Хоу-Ха заворчала, но подчинилась приказанию, и, когда она спускалась по лестнице, в голове ее смутно и тяжело ворочались недоуменные вопросы: почему это разница в цвете кожи делает одних господами, а других слугами?

Одним взглядом Люсиль охватила Фрону, с улыбкой протягивавшую ей руку, изящный туалетный стол в глубине комнаты, простое убранство и тысячи мелочей девичьей кельи. Уют и чистота, которыми веяло от этого уголка, всколыхнули в молодой женщине воспоминания о собственной юности и взволновали ее. Взор ее омрачился, и она сразу как-то ушла в себя.

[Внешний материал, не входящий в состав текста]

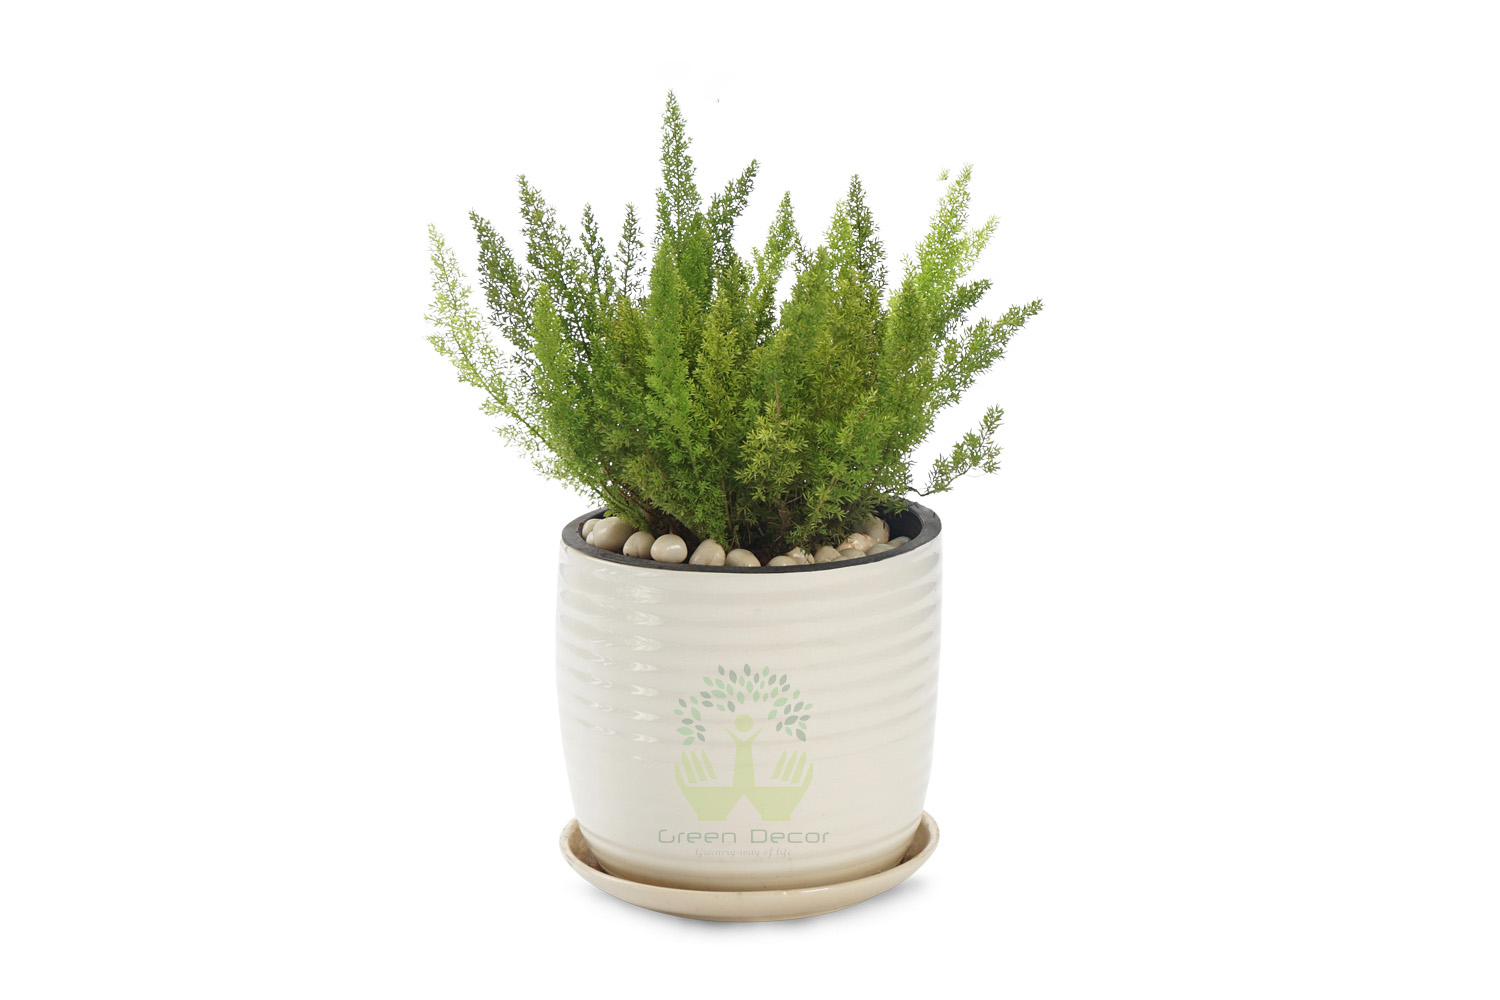 Buy Foxtail Fern Plants , White Pots and seeds in Delhi NCR by the best online nursery shop Greendecor.
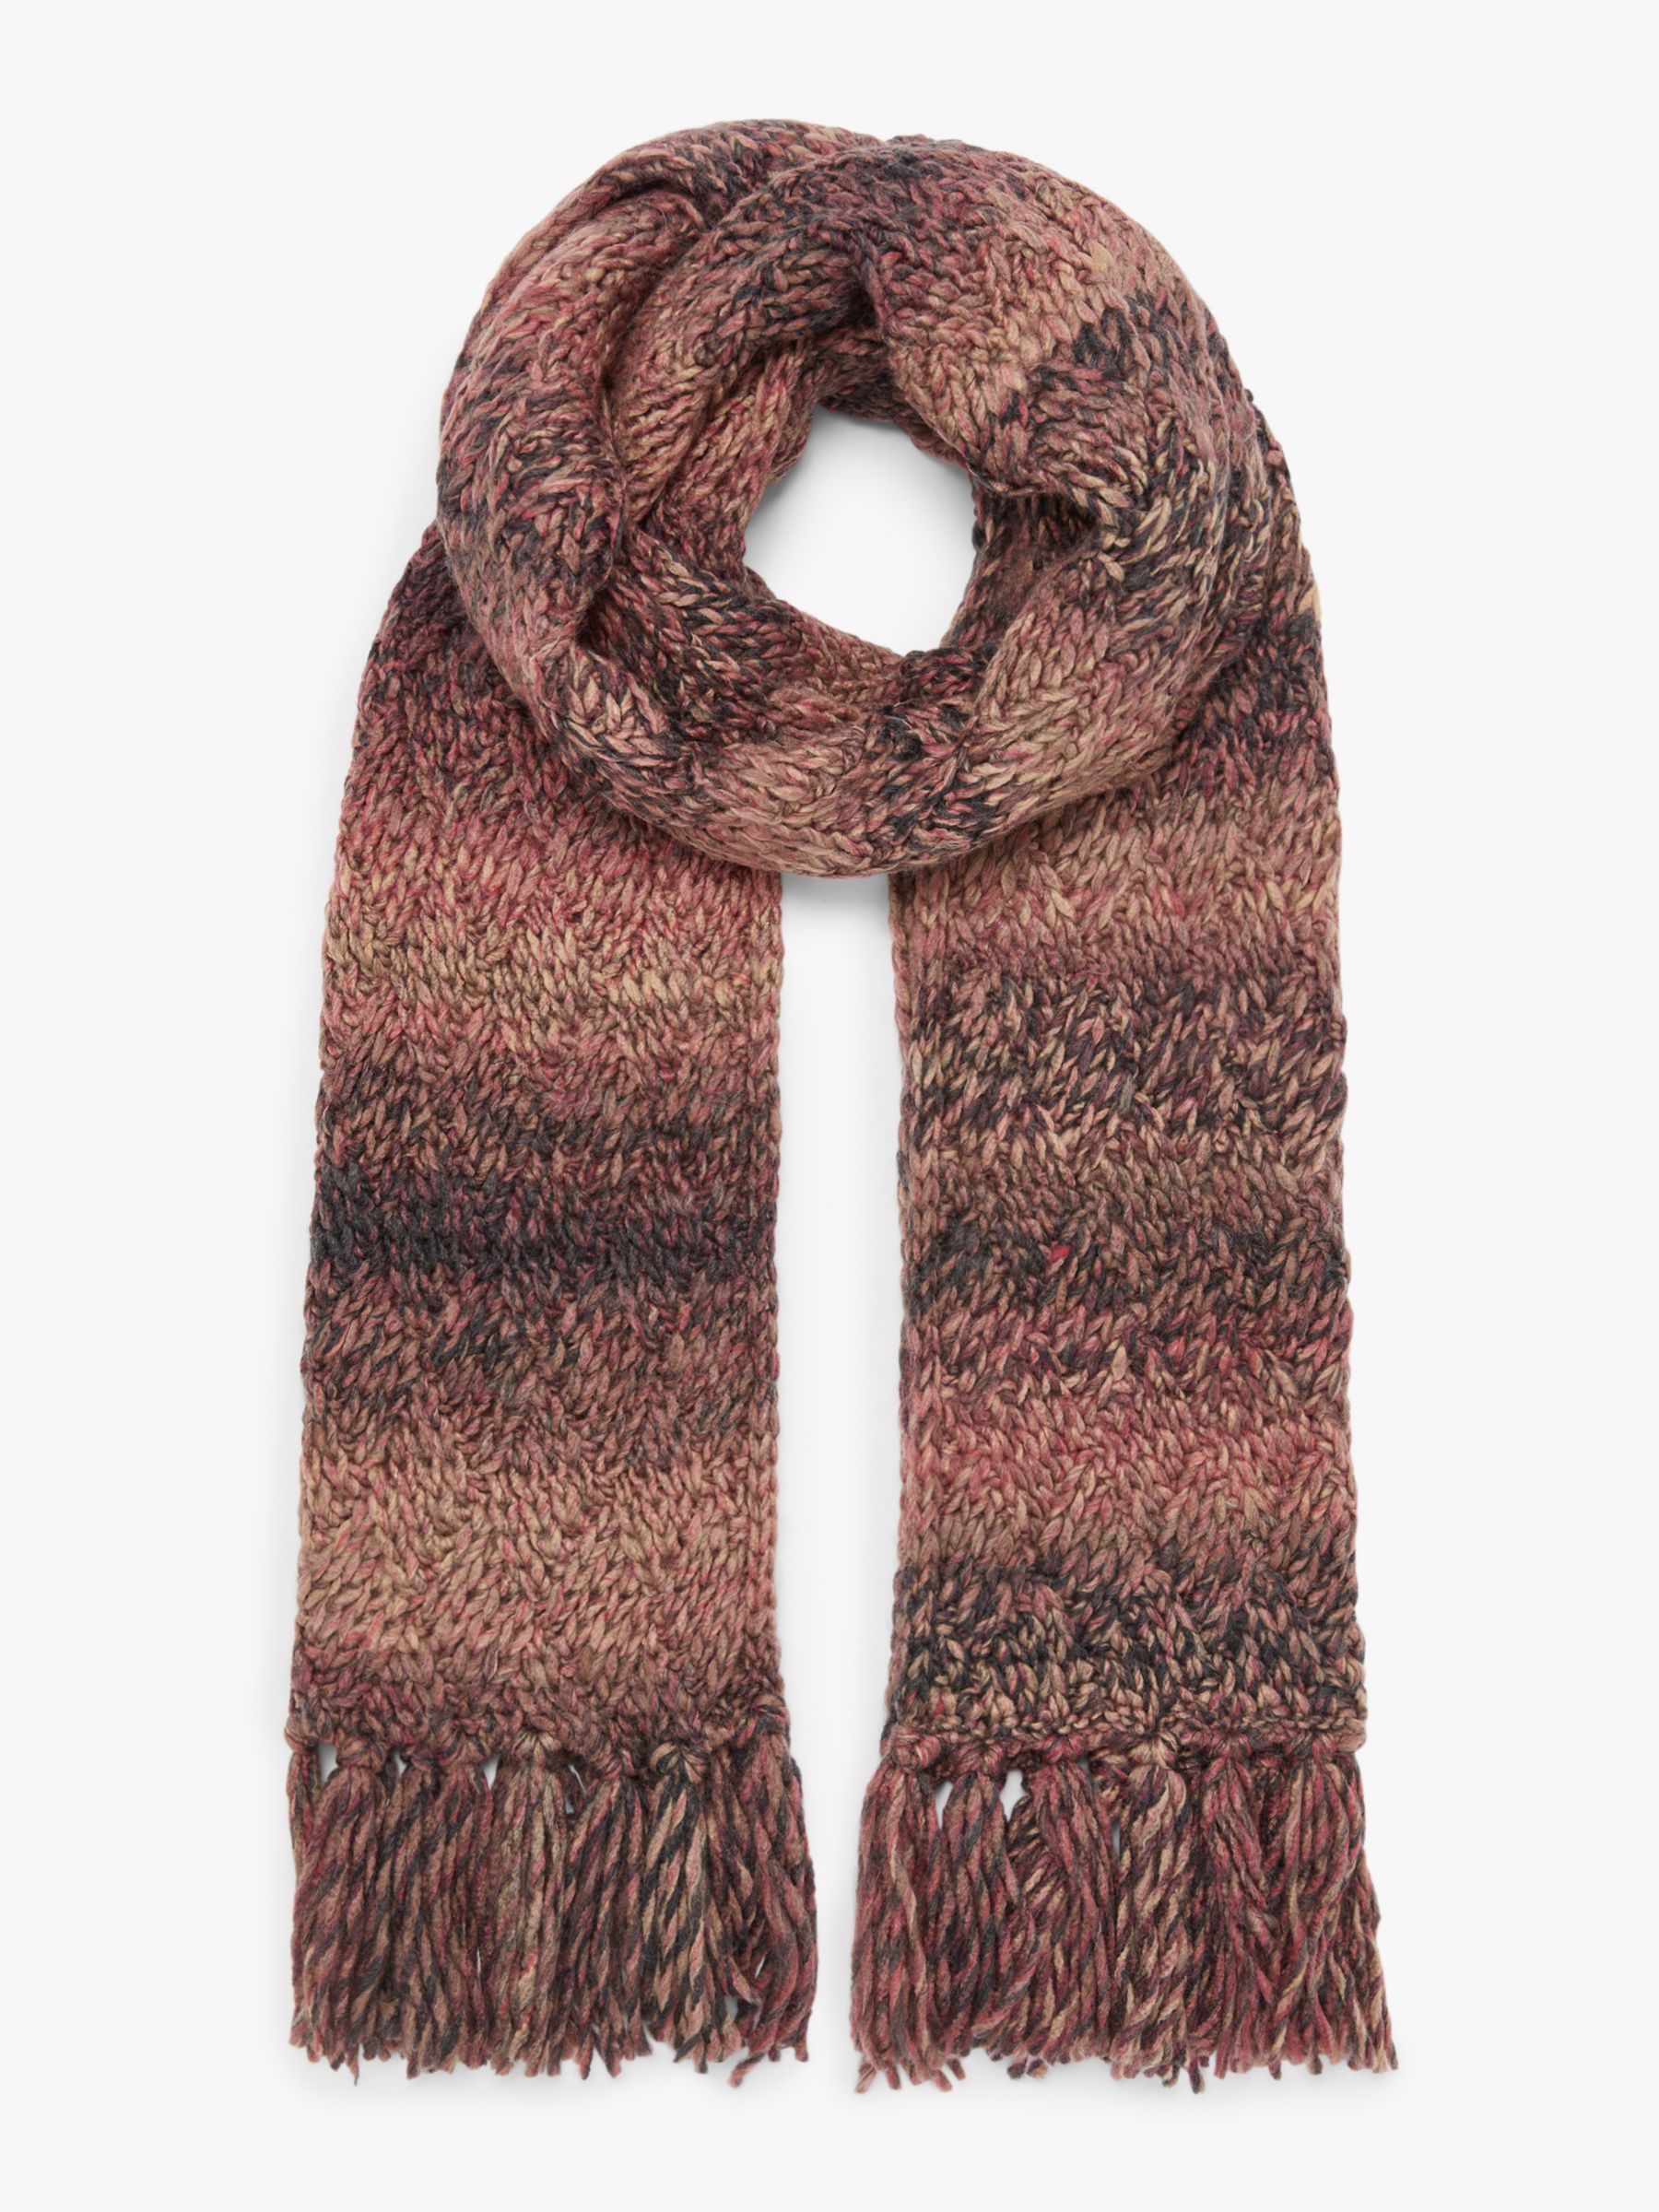 AND/OR Zig Zag Space Rectangular Scarf, Multi

— Я рада, что вы пришли, — говорила тем временем Фрона, — мне так хотелось снова повидаться с вами, но снимите же вашу тяжелую доху. Какая она чудесная, что за великолепный мех, что за работа!

— Да, из Сибири. — Люсиль едва удержалась, чтобы не добавить: «Подарок от Сэн Винсента», и вместо этого сказала: — Сибиряки еще не научились плутовать.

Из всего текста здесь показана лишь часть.